Certain subsets of philosophers are very interested in the idea of controlling the race that children become. One group, the utopians, believe that all the world's problems could be solved if only everyone was an elf. They have gained no small amount of influence in the ongoing colonial projects of the world, and their ideas and radical experiments have lead to some of the worst genocides in recent history.

  • joaomarrom [he/him, comrade/them]
    ·
    edit-2
    2 years ago

    Read China Miéville's Bas-Lag trilogy and you'll have lots of insights on how to build non-human fantasy races in a Marxist framework, it's really imaginative and also quite fun... some of the races mentioned:

    The Vodyanoi, a frog-like race of demihumans that do precarious work in the docks of New Crobuzon, the imperialist city-state that's central to the world of the novels;

    The Khepri, a race of scarabs where the males are mindless insects, but the women are like humans, but with scarab heads, and the ones in the city are refugees from a pogrom;

    The Garuda, humans with eagle features who live in autonomous nomadic anarchist enclaves in the desert, and whose penal code revolves around the concept of choice-theft: when you infringe on someone's rights, it's because you stole their right not to be harmed, or their right to do something that they might have wanted to do but now can't, like use some object that you stole;

    The Remade, regular humans, but violently modified with mechanical and/or organic body parts, and put to do forced factory labor as a punishment for their crimes. The nature of the modification follows some sort of cruelly imaginative "poetic justice" on the part of Crobuzoner judges, like in a particularly cruel instance where a mother accidentally kills her baby and the judge sentences her to have the baby's arms grafted onto her forehead, really brutal shit from an authoritarian police state.

    And these are just four examples of literally dozens.
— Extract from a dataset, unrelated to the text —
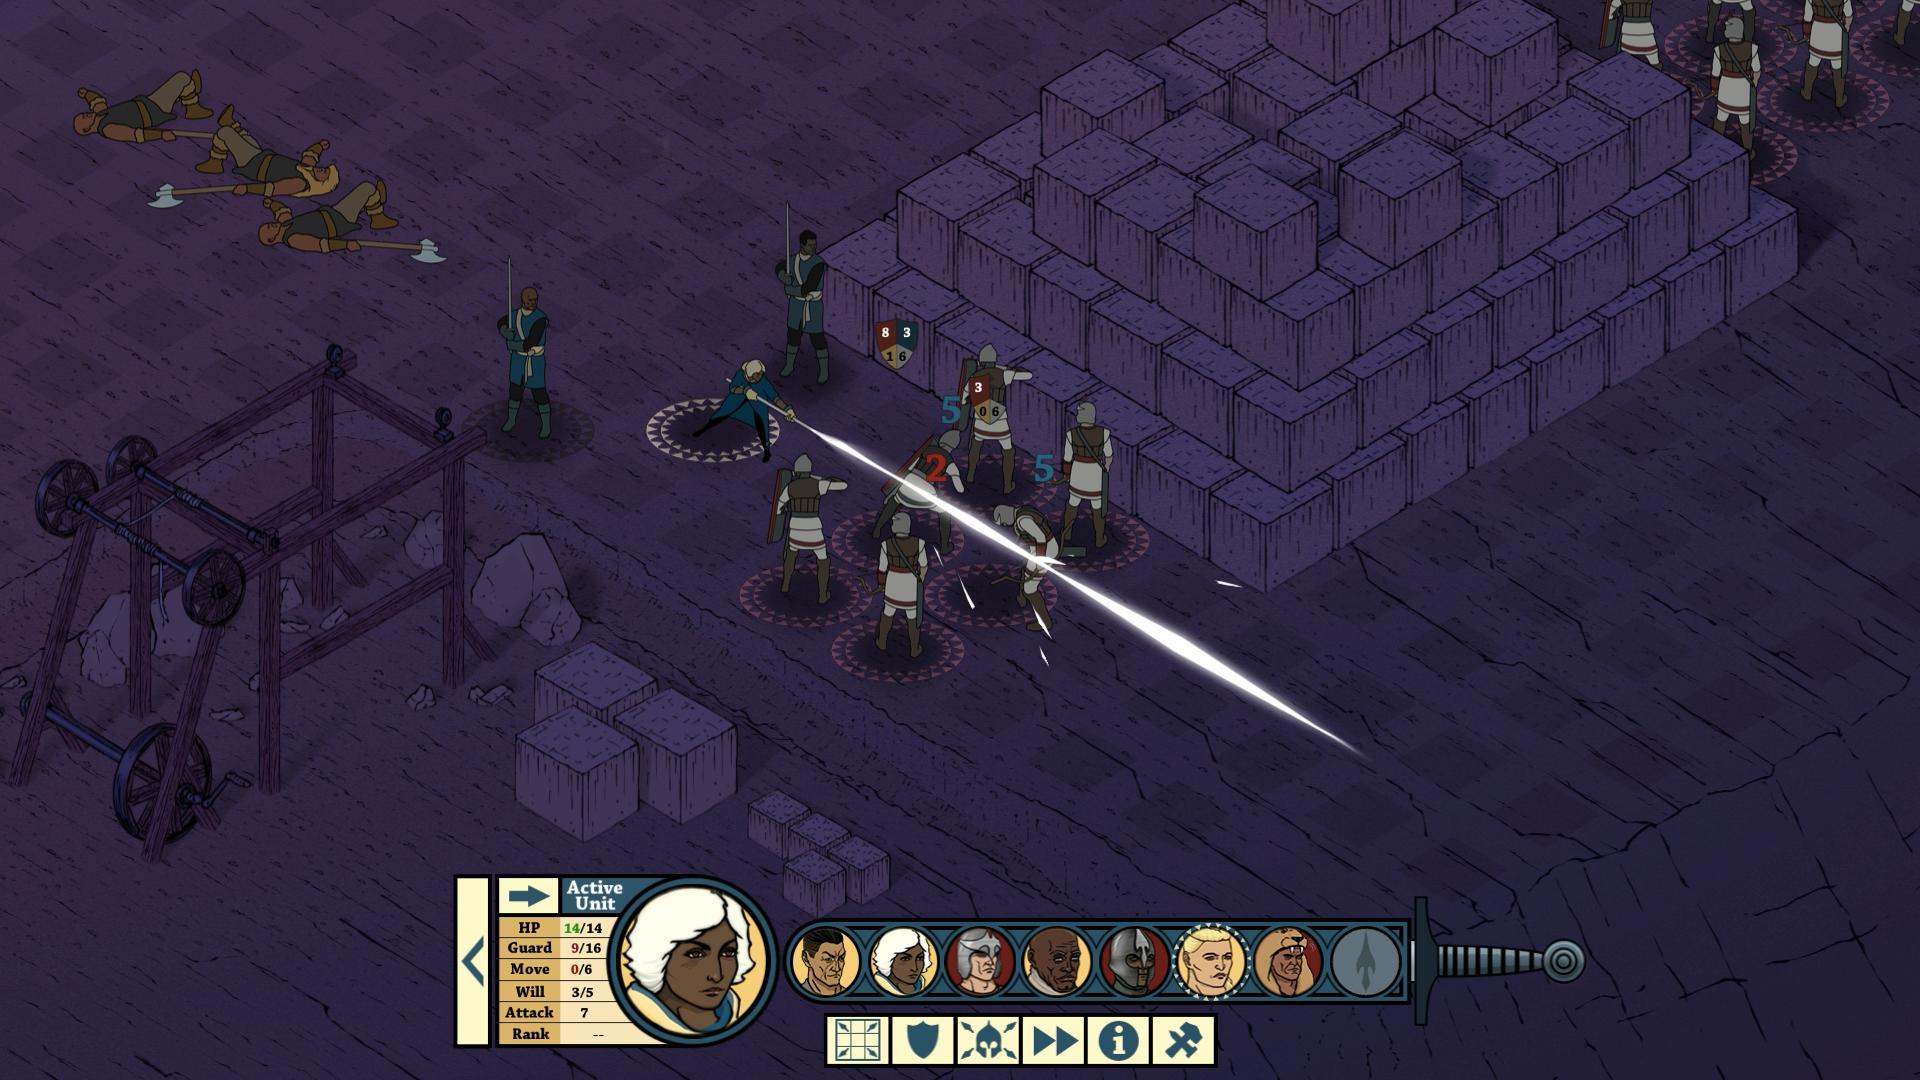 Tactical RPG
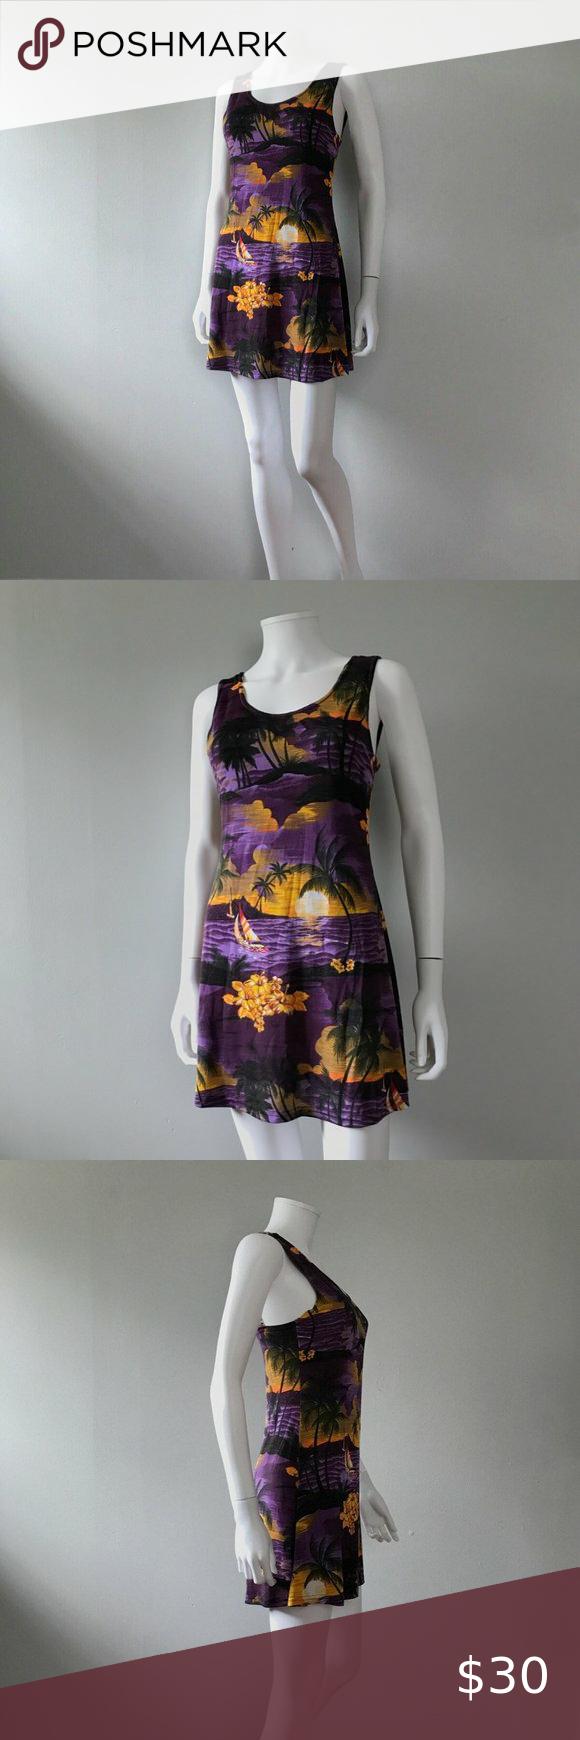 Vintage 90s Mini Dress Hawaiian Tropical Sunset In 2020 Clothes Design Printed Mini Dress Vintage Dresses

I wish I had just ten percent of Miéville's wild imagination.

    edit: the books are, in this order, Perdido Street Station, The Scar and Iron Council. You can read them in any order, but there's a few references to the previous books in the latter ones. I highly recommend reading them in order, the first one is my favorite.

    • ssjmarx [he/him]
      hexagon
      ·
      2 years ago

      Sounds very interesting, I'll put those on my list, but I have so many other things to read I don't think I'll get to them for a while.

      • joaomarrom [he/him, comrade/them]
        ·
        2 years ago

        I know the feeling, there's a ton of books on my list already... these are totally worth your time, even though Miéville does need an editor to rein in his tendency to overuse the adjective "pugnacious".